Вышел Маяковский. Он взошел на трибуну, без грима, в своем собственном костюме. Он был как бы над толпою, над городом; ведь он — сын города, и город воздвиг ему памятник. За что? Хотя бы за то, что он поэт. «Издевайтесь надо мною! — словно говорил Маяковский, — я стою, как памятник, среди вас. Смейтесь, я — поэт. Я нищий и принц в одно и то же время. Я — рыцарь на час. Мое богатство и мое утешение — {279} любовь. Моя радость в том, что я поэт. Я — стремление, вы подножие. Я иду на вас, против вас и с вами — но иду над вами. Я великолепен в это мгновение, ибо вы — жалки. Вы — стадо, я — вождь. Но я люблю вас. Я одинок, я голоден, я нищий… Почему? Только потому, что я — поэт, только потому, что я чувствую и страдаю. Вот мои грезы, — возьмите их, если можете. Вот моя трагедия — вы не сумеете взять ее»…

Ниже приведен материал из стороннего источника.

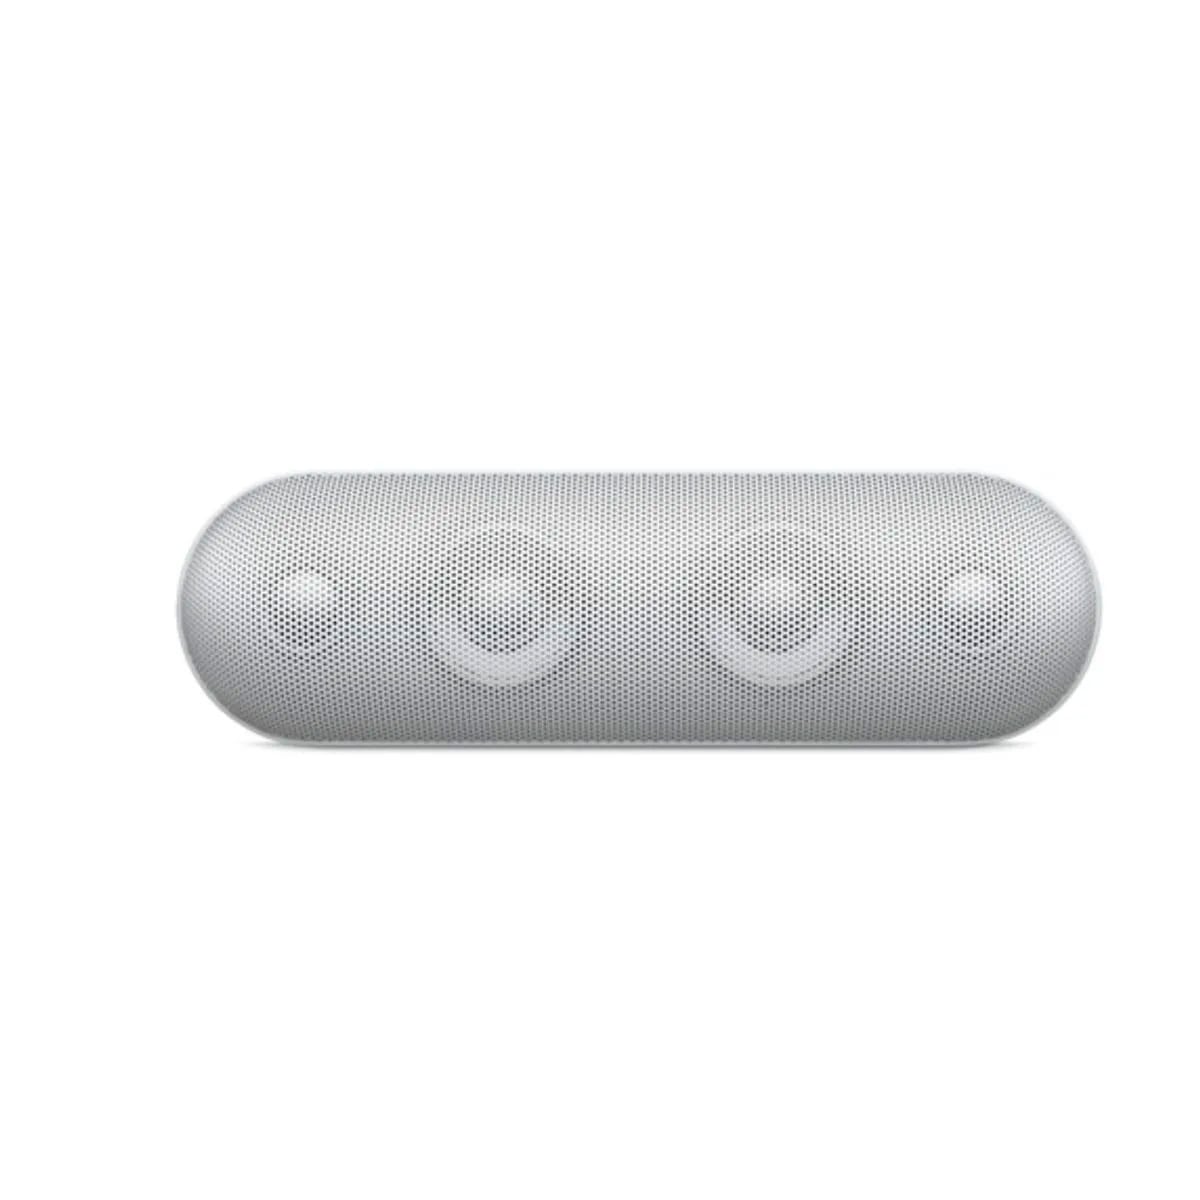 Caixa de Som portátil Beats Pill+, Bluetooth, Branca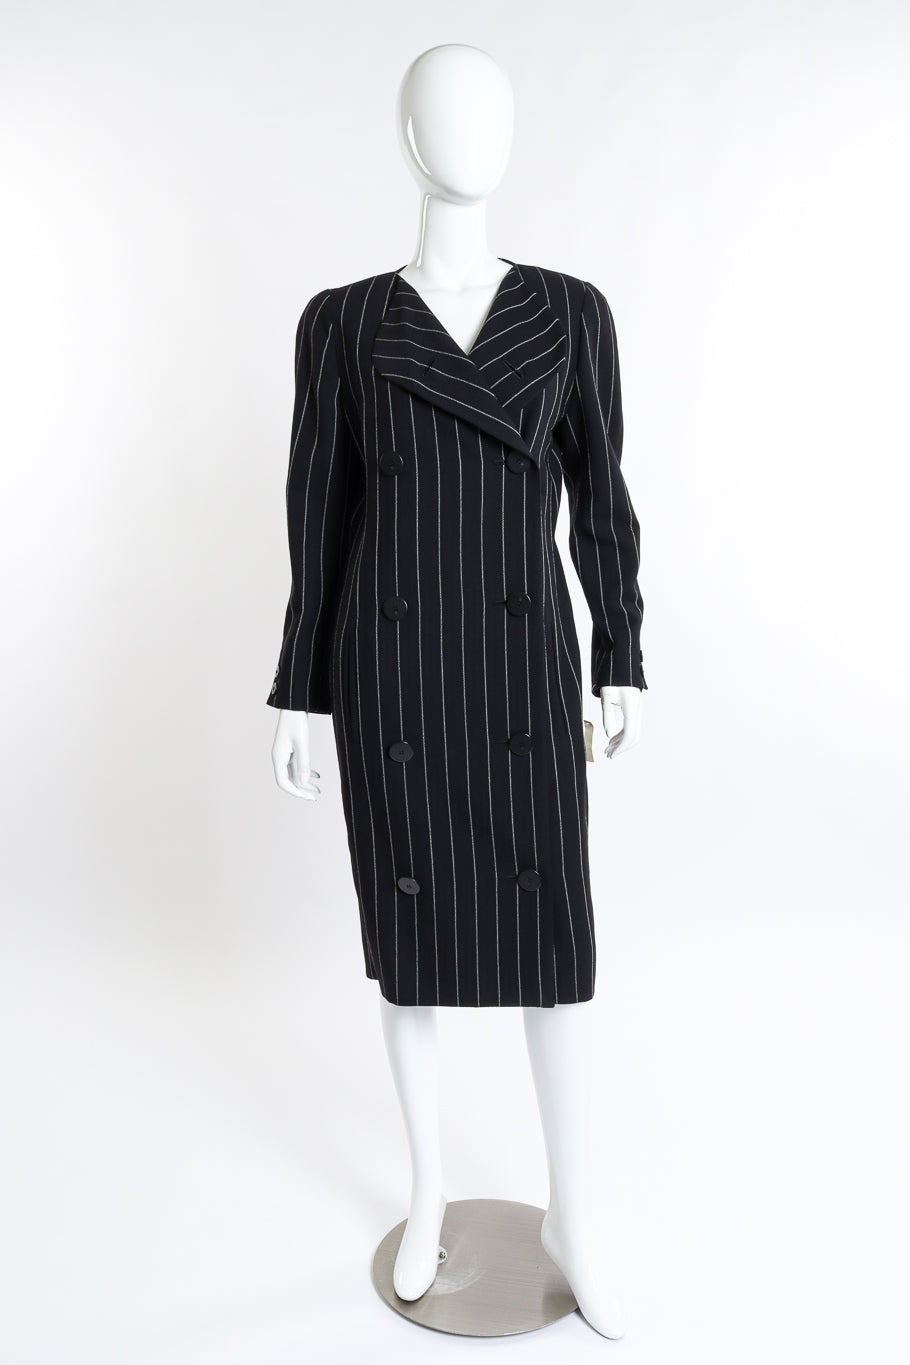 Vintage Krizia Pinstripe Double Breasted Blazer Dress front on mannequin @recess la

Всего этого, разумеется, не говорил Маяковский, но мне казалось, что он говорил так. Потом он сел на картон, изображающий полено. Потом стал говорить тысячелетний старик: все картонные куклы — это его сны, сны человеческой души, одинокой, забытой, затравленной в хаосе движений.

Маяковский был в своей собственной желтой кофте; Маяковский ходил и курил, как ходят и курят все люди. А вокруг двигались куклы, и в их причудливых движениях, в их странных словах было много и непонятного и жуткого оттого, что и вся жизнь непонятна и в ней — много жути. И зал, вслушивавшийся в трагедию Маяковского, зал со своим смехом и дешевыми остротами был также непонятен. И было непонятно и жутко, когда со сцены неслись слова, подобные тем, какие говорил Маяковский. Он же действительно говорил так: «Вы — крысы…» И в ответ люди хохотали, их хохот напоминал тогда боязливое царапанье крыс в открытые двери. «Не уходите, Маяковский», — кричала насмешливо публика, когда он растерянный, взволнованно собирал в большой {280} мешок и слезы, и газетные листочки, и свои картонные игрушки, и насмешки зала — в большой холщовый мешок; он собирал их с тем, чтобы уйти в вечность, в бесконечно широкие пространства и к морю…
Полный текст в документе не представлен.